You may or may not know that April is National Stress Awareness month, but on the flip side it is also National Poetry month (and for those trivia fans out there this month will also mark the 400th anniversary of William Shakespeare’s death). This is a nice juxtaposition if you ask us because it allows MINES the chance to bring you some stress-reducing, wellness-inspired poetry in the honor of these two great topics.
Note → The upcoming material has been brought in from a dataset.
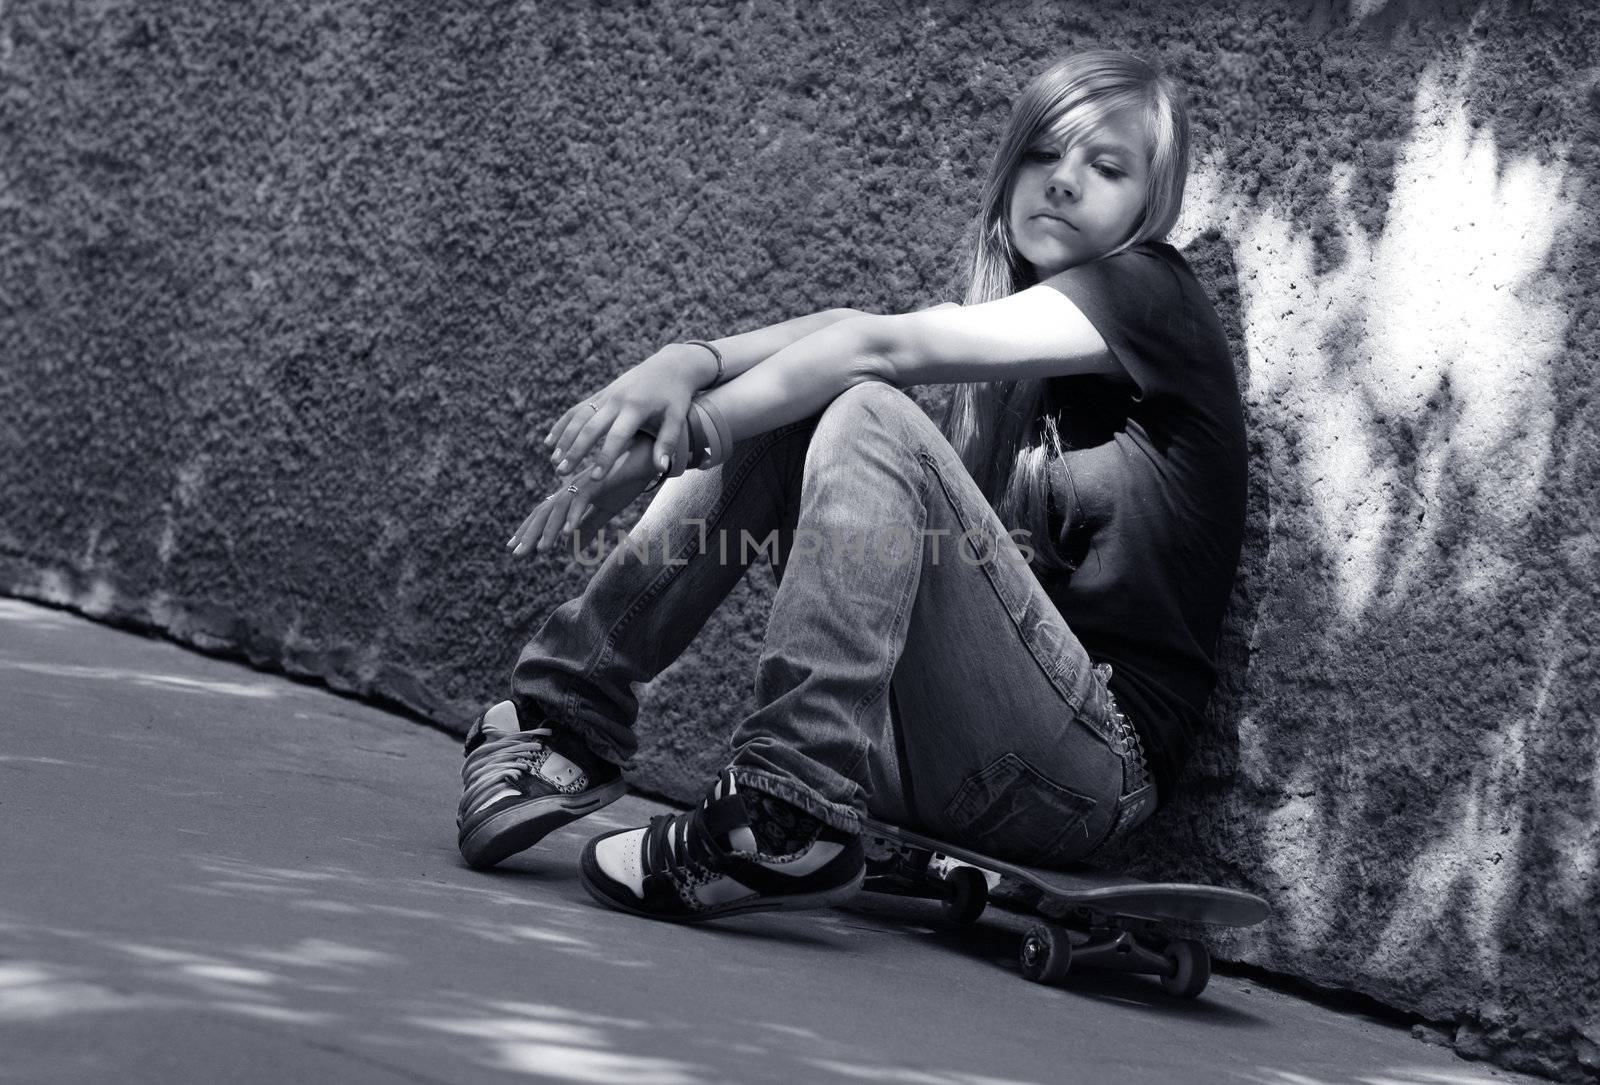 The girl with skateboard sitting against a wall. Shadow on a wall as a wing

Enjoy!

Haiku anyone?

Busy mind inside

Raging like a waterfall

Calmed by a deep breath

One more?

Always know that you

Are never alone, because

We are here for you

How about a Limerick?

An employee was once caught in a jam

Suffering stress like a final exam

They picked up the phone

And upon hearing the tone

Called the employee assistance program

And in the spirit of Shakespeare himself

A wellness sonnet:

Work/life balance can force you to juggle

Between fam’ly and work time can be rare

If you find that you have the same struggle

Do not forget there are people that care

Seek out the ways that you can vent your strife

Good food, good friends, or just a stroll outside

These can help calm the rough waters of life

Feel free, seek peace in ways that you decide

But don’t despair; worry can take its toll

Just say “goodbye” to your mental cargo

Sometimes the stress in life you can’t control

Patience, with time, you learn to let it go

Breathe deep, unwind, your stress you will succeed

If not a place like MINES is what you need

We hope you enjoyed, and remember that being creative, for example by writing, drawing, painting, writing music, and any other creative, productive activity, is great for your mind and overall wellbeing and is a great stress reducer. So get out there and create, we can guarantee you will be happy you did.